像是刚知道他就是当年金川门之变的守将似和,赵樽恍然大悟般点点头,全然接受了他的“敬仰之情”,唇角微勾,像是在笑,可语气却冰冷到了极点。
“当年在金川门周将军侥幸逃过一劫,但愿这次还有那么幸运。”
打从赵樽起兵以来,一路横扫北方战场,势气如虹,每仗必胜,以至于好些守城将领,不等他发动全面的总攻,便竖白旗投降。这些周正祥自然都是知晓的,也是有心理准备的……可这一瞬,与他冷簌簌的目光一对视,他还是腿脚发软。
“……殿下,还望手下留情。”
赵樽摆开了阵势,居庸关的烽火就要点燃。整日在伤兵营忙碌的夏初七看不见那些针锋相对的热血画面,却可以感受到那股子战场味儿——熟悉,冰冷,没有具体的味道和形状,却可以让人呼吸发紧,血压升高,整个人都兴奋紧张。
自打赵樽宣布起兵,居庸关的城门便已关闭戒严。
关里关外,除了持刀披甲的兵士,只有一些躲避战乱的流民。他们赶着猪,牵着牛,背着包袱和小孩儿,不知道要前往何方生存。
官道萧萧,人烟稀少。
这已是夏初七第三天到这里等待了。
她想找到李邈,可信却送不进去,只能在这里守株待兔。
瑟瑟秋风,入袖催凉。她站在风口上等了约摸一个时辰,官道上的马车倒也是过去三四辆,却没有一个是她要找的人。

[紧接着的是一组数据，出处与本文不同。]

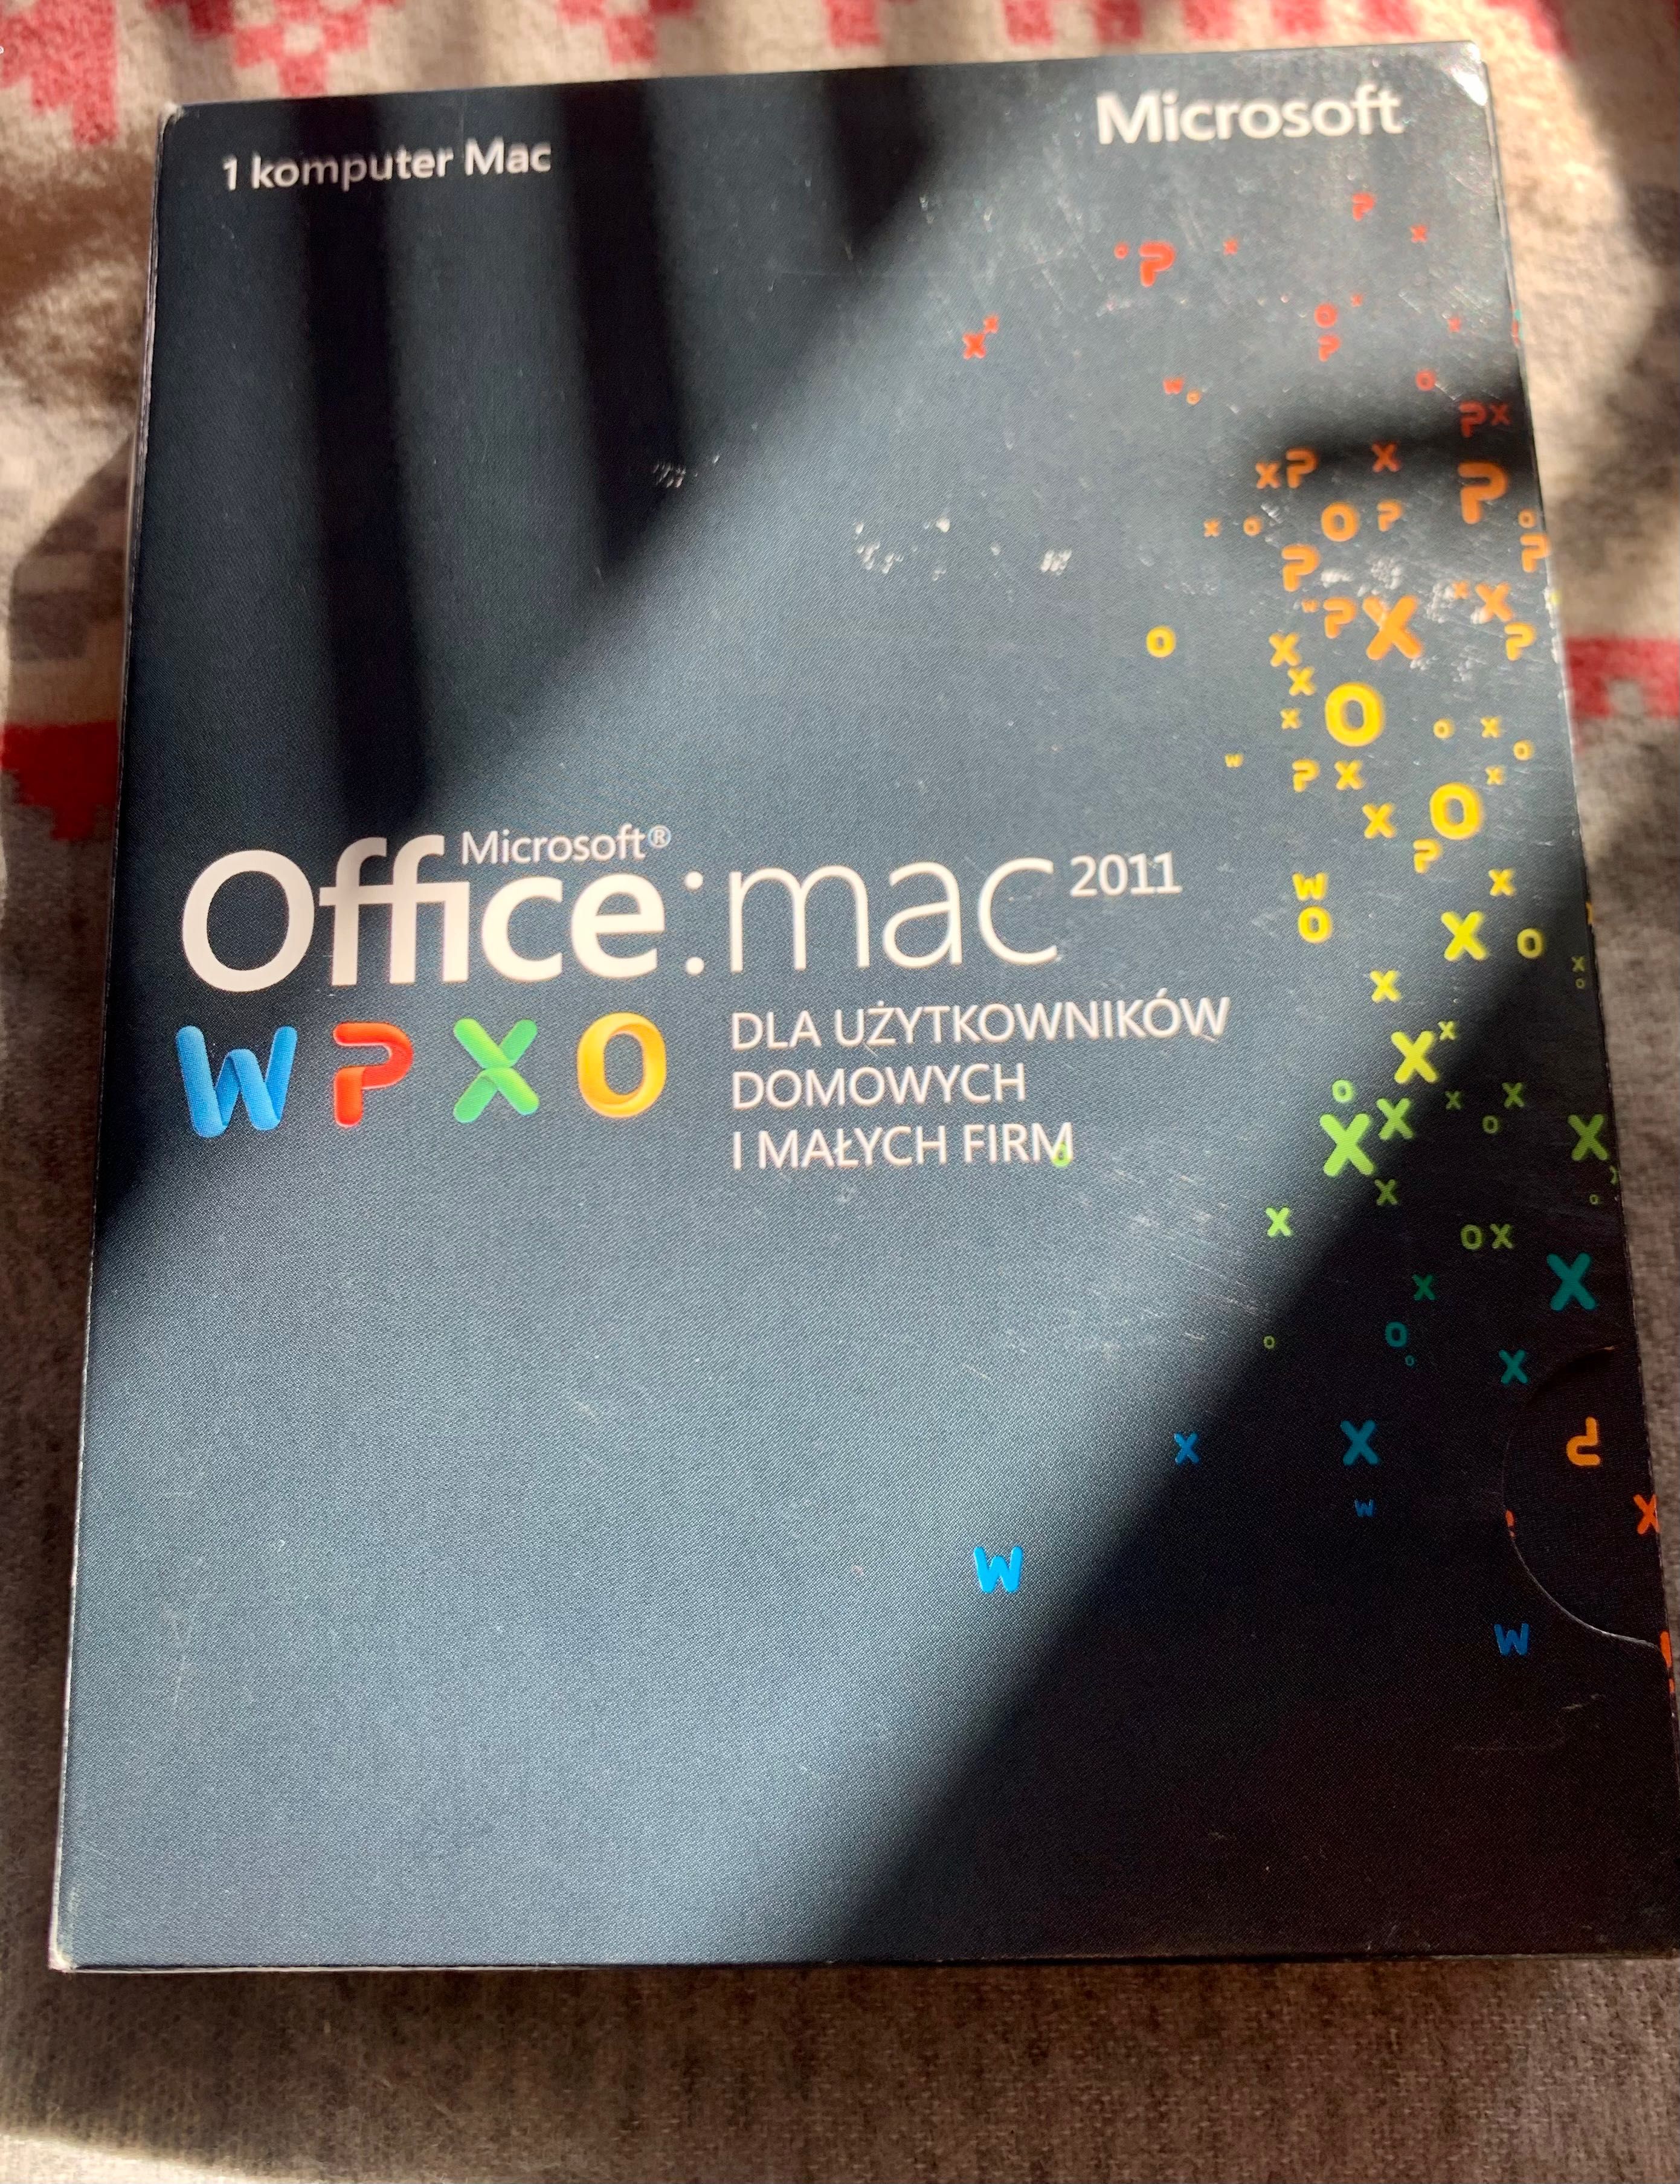 Microsoft Office 2011 dla użytkowników Domowych i Małych Firm

搓了搓手,她失望地撇了撇嘴巴,回头喊一声跟在身边便装的甲一。
“走吧,甲老板,我们回了。”
“不等了?”甲一对她等待的举动极不支持,语气便略有嘲意。
可夏初七只当没有听出来,笑吟吟的瞥他。
“不是不等,是等不得了,伤兵营忙着呢。”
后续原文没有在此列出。